Quelle est la meilleure manière de discuter des risques psychosociaux (RPS) en entreprise ? Telle est la question à laquelle les partenaires sociaux tentent – parfois difficilement – de répondre, puisque la discussion sur ces fameux RPS figure depuis quelques années à l’agenda social obligatoire dans les entreprises. Avec pour but d’éviter que le mal-être au travail, voire le « burn out », le harcèlement ou, pire, les suicides professionnels ne se banalisent. Telle était, également, la question centrale de la journée du 12 septembre, organisée à Paris et intitulée « Du travail comme risque, au travail comme source de santé et d’efficacité ». Elle clôturait plusieurs mois d’échanges entre partenaires sociaux, sous la houlette de l’Agence nationale pour l’amélioration des conditions de travail (Anact), de l’Observatoire social et international (OSI) et de Réalité et dialogue social (RDS).
Les chefs d’entreprise responsables
Faut-il diagnostiquer précisément le niveau de bien-être ou de mal-être des salariés, discuter de façon moins formelle, s’attacher plus largement à la question de la santé au travail ou ne se focaliser que sur les fameux risques psychosociaux ? Dans ce débat, Henri Lachman, président du conseil de surveillance de Schneider Electric et corédacteur du rapport Lachman-Pénicaud-Larose consacré au bien-être et à l’efficacité au travail en 2010, avait un diagnostic tout à fait personnel. Et particulièrement volontariste. « Il faut mettre le »mistigri » [à savoir la responsabilité, NDLR] sur le dos des managers, des chefs d’entreprise et des conseils d’administration », a-t-il affirmé. « Car la santé au travail n’est pas l’affaire des médecins mais celle des managers. » Les chefs d’entreprise doivent comprendre qu’il existe une relation étroite entre bien-être au travail et efficacité. Et que salariés et patrons ont, en la matière, une profonde communauté d’intérêts. Mais le rôle le plus important revient aux managers de proximité. Lesquels, ces dernières années, ont justement vu leur rôle être profondément bouleversé, et même souvent se déliter.

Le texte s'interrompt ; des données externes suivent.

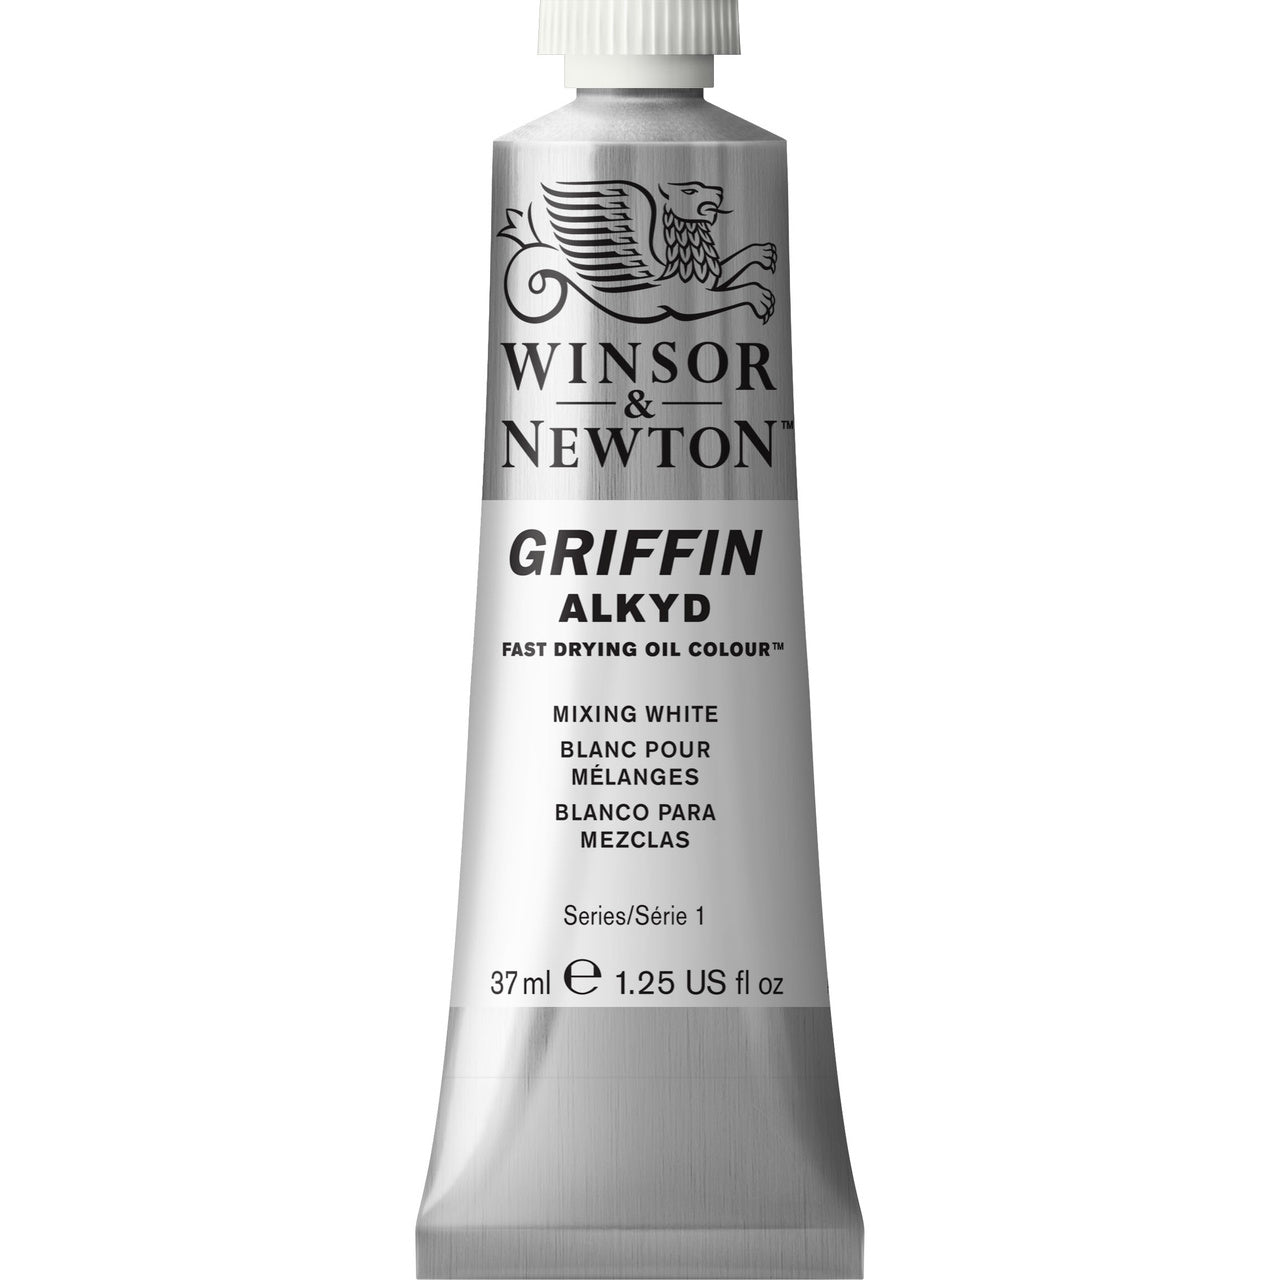 Winsor & Newton Griffin Alkyd 37ml Mixing White - merriartist.com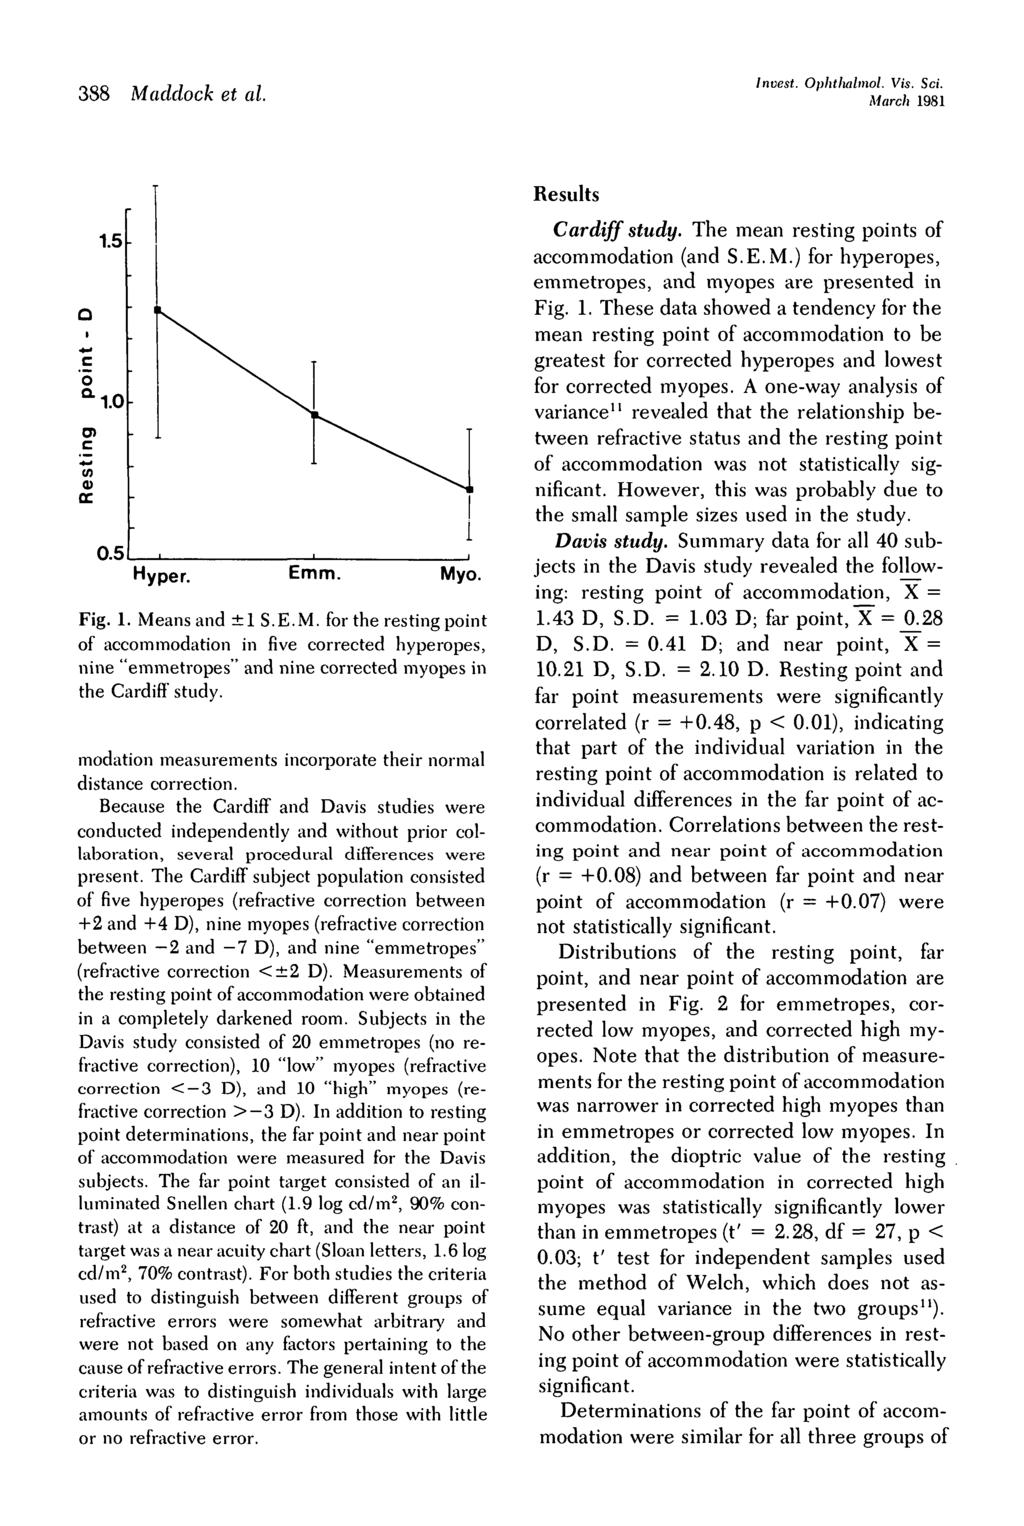 388 Macldock et al. Invest. Ophtltalmol. Vis. Sci. March 1981 CD c a> cc 1.5 1..5 H yper. Emm. Myo. Fig. 1. Means and ±1 S.E.M. for the resting point of accommodation in five corrected hyperopes, nine "emmetropes" and nine corrected myopes in the Cardiff study.

L’entreprise source importante de bien-être
D’un côté, jamais l’importance du travail comme source potentielle de développement personnel, de socialisation, d’accomplissement, de lien social, n’a été aussi forte. « En France, ce lien est très particulier », a rappelé Henri Lachman. Le rôle du travail est primordial. « Quand l’école éprouve toutes les difficultés à jouer son rôle, quand la famille fout le camp, le travailleur a vraiment un besoin de lien social et de bien-être au travail », remarque Henri Lachman. Le travail, c’est donc… la santé ! Mais si les attentes sont de plus en plus fortes, l’entreprise, de son côté, n’y répond plus ou trop rarement. « Dans les grandes entreprises, les managers de proximité n’existent plus », affirme le patron de Schneider. Car ces managers sont monopolisés par des tâches de reporting, englués dans des processus de plus en plus nombreux qui, souvent, tiennent lieu de recette de management.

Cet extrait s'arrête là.